"Não fui eu que joguei aquela droga de criança no Rio". Para mim, esta frase diz tudo sobre a brutalidade da mulher que – segundo suspeita a polícia – lançou a filha de três meses na Lagoa da Pampulha. Tentava livrar-se da culpa, estava nervosa, e, evidentemente, sem pleno controle verbal. A frase foi, mais ou menos, esta; porém não importa: a expressão "droga de criança" se lhe escapou num momento de desespero, talvez por haver sido descoberta, talvez por culpa irremediável. Aquele "droga de criança" diz tudo o que lhe varria o sentimento. É o clássico ato falho, que nos leva à observação de um psicanalista há vários anos: "o importante não é o que a gente fala, mas o que a gente "falha".
Estas súbitas intromissões do que nos lateja dentro e tentamos guardar ou esconder, representam o mais eloqüente dos elementos denunciadores de sombrias grutas internas, escondidas pelas aparências, conveniências ou pela mentira. Neste, como em outros casos, tenho profunda compaixão pessoal. Isto não exclui que deva ser apurado. Se houve culpa, é crime hediondo.
Impressionado, além de ler a respeito, tenho ouvido entrevistas várias com diferentes enfoques sobre este caso. Numa rádio, um psiquiatra inteligente cujo nome se me escapou naquela pressa dos entrevistadores, aludiu ao que até poderia ser o que a ciência moderna chama de psicose puerperal, logo, um ato de loucura. Também é possível.

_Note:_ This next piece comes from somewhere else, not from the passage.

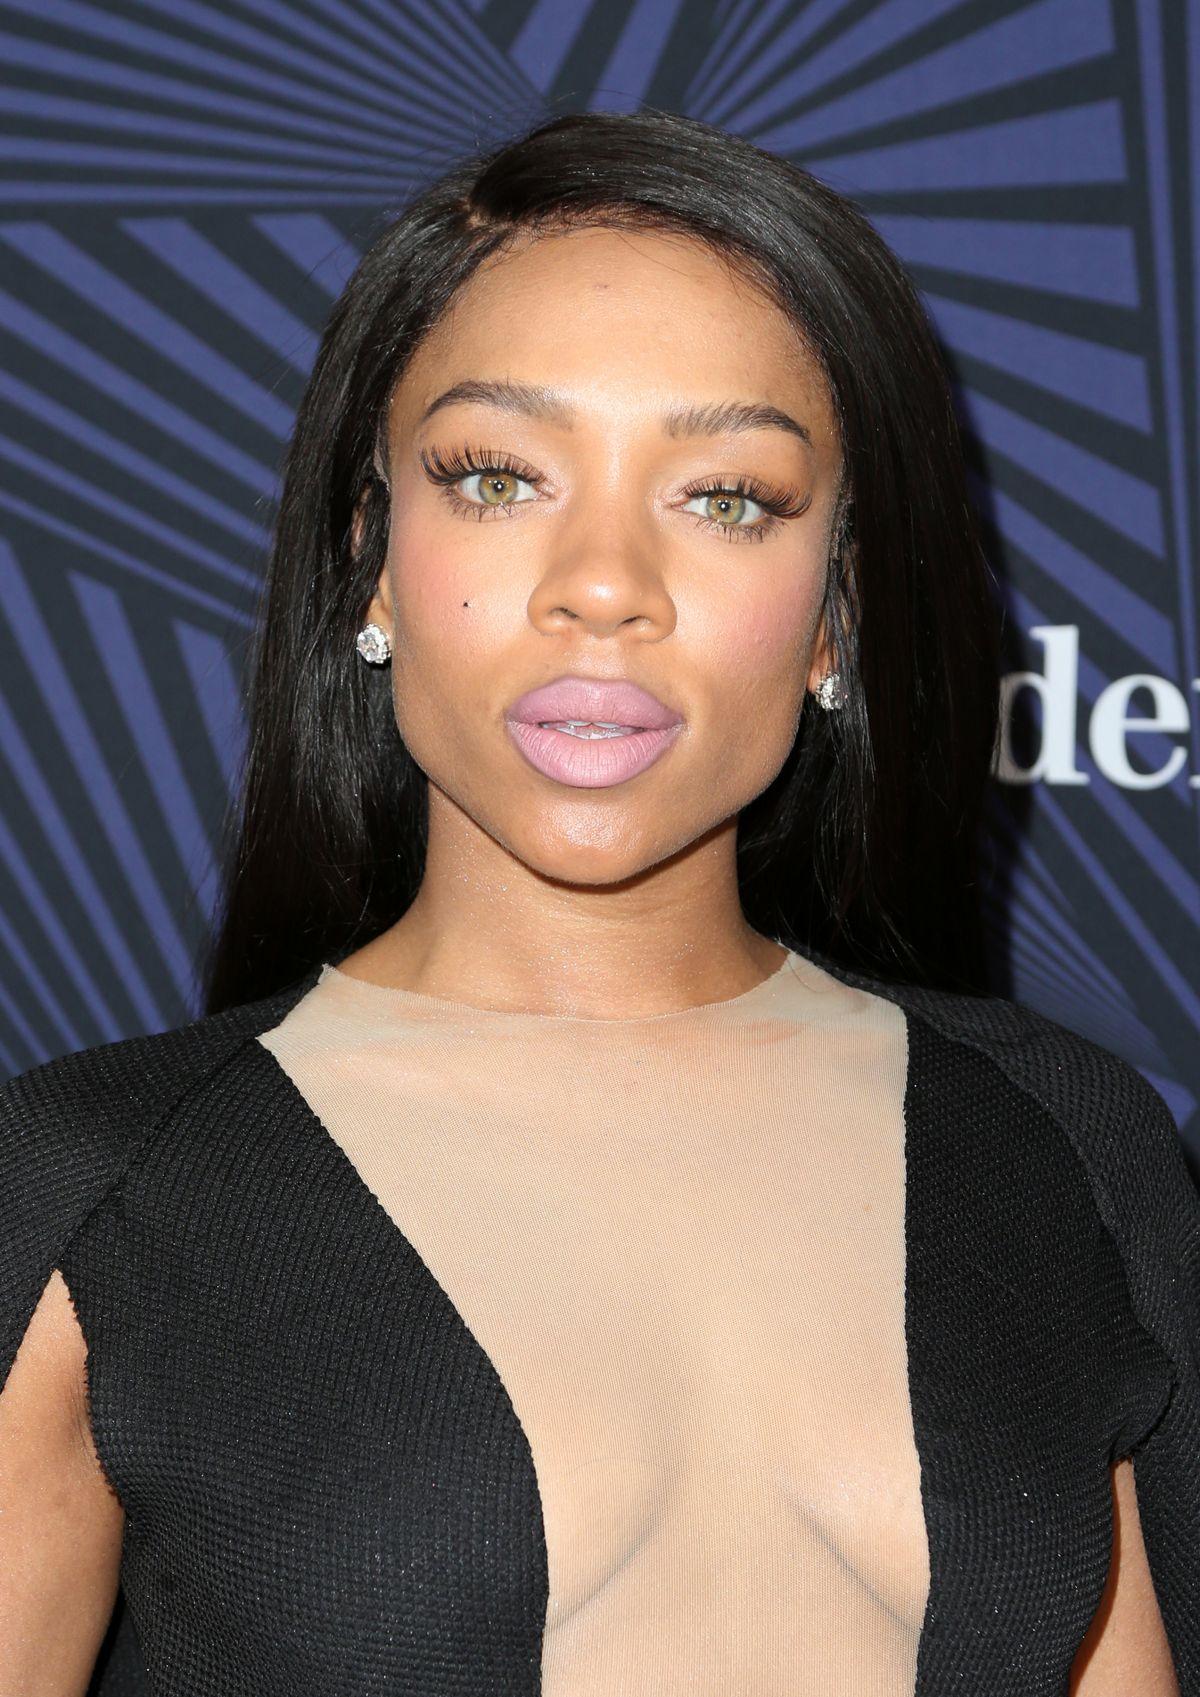 LIL' MAMA at Bet's 2017 American Black Film Festival ...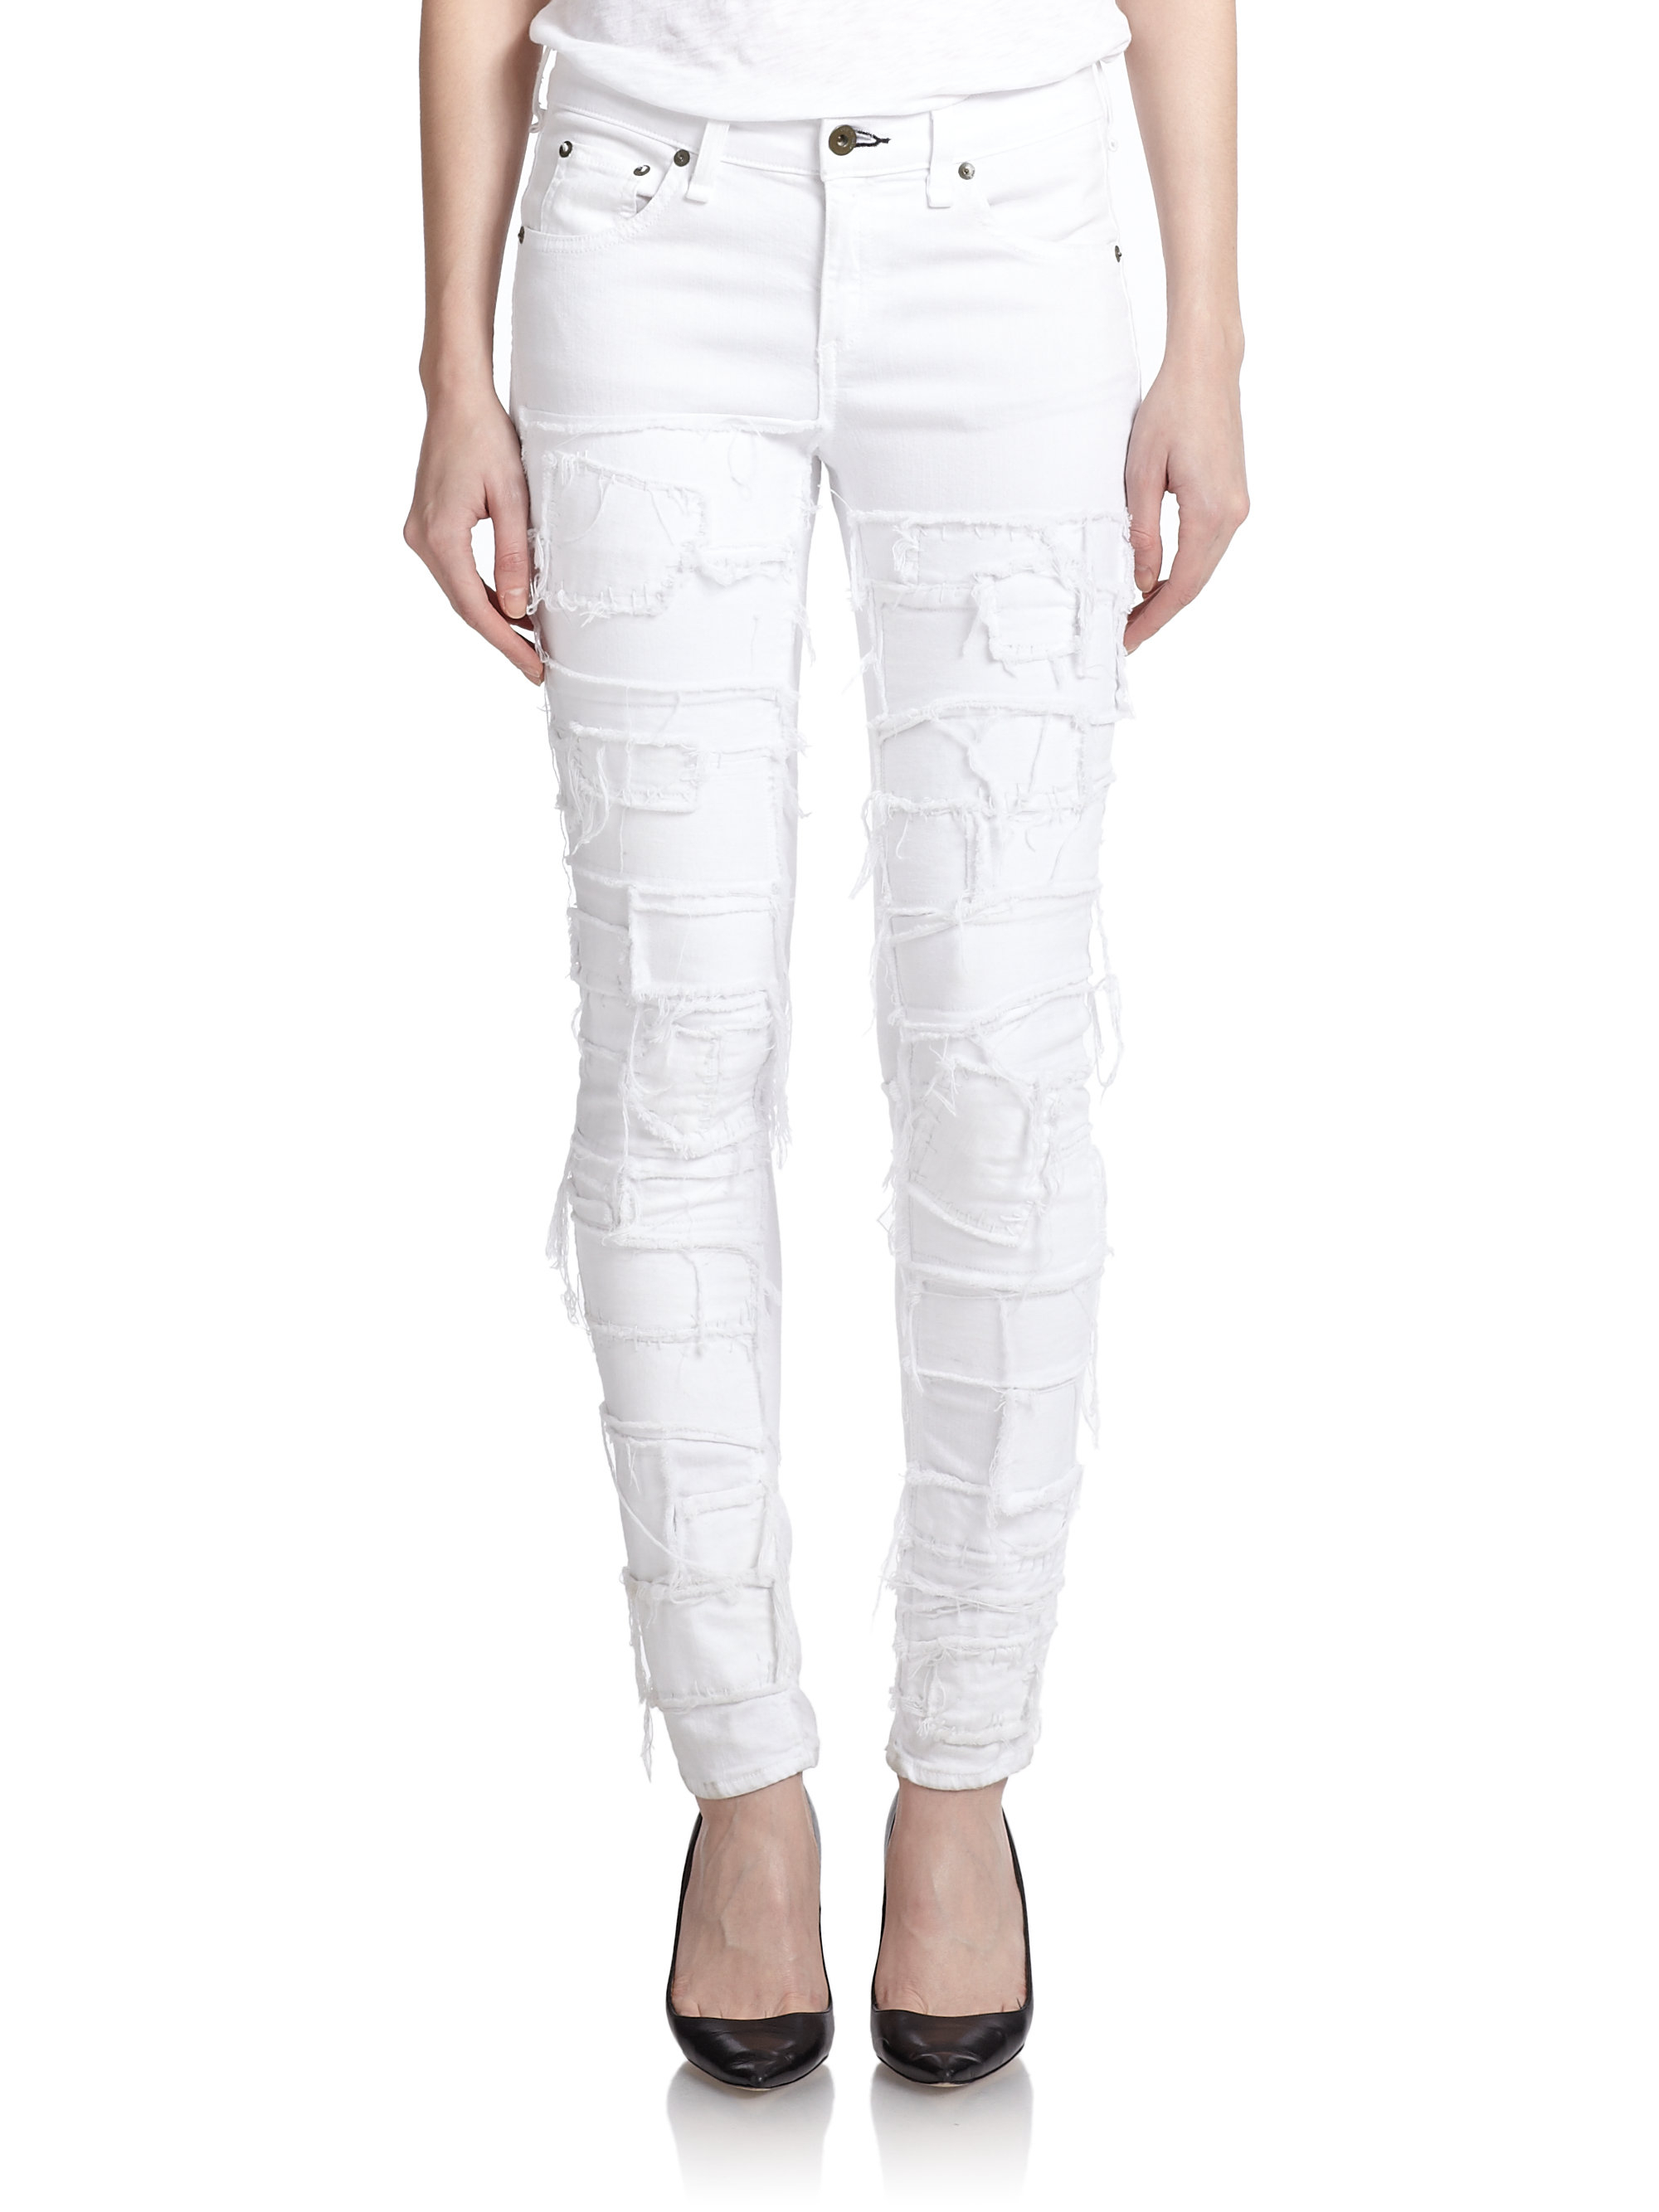 Lyst - Rag & Bone Distressed Skinny Jeans in White

Seja qual a for a situação daquela mulher, nada impacta mais este cronista do que a expressão "droga de criança", diante de um ser indefeso e inocente, saído do útero para ser salvo pela Providência. Nenhum filho do mundo é droga de criança. A frase é estarrecedora. Mesmo que não ameaçasse a vida de sua filha e apenas desejasse deixá-la para outros criarem, "droga de criança" traz a idéia de um estrupício, de maldição.
Deus tenha misericórdia dessa mulher e do ser humano em seu lado violento e brutal, diariamente a ceifar vidas através de mil recursos e pretextos. Lembro o verso do poeta que, caso fosse conhecido e vivenciado pelas pessoas, o mundo seria melhor: "O bem é uma subida que não cansa".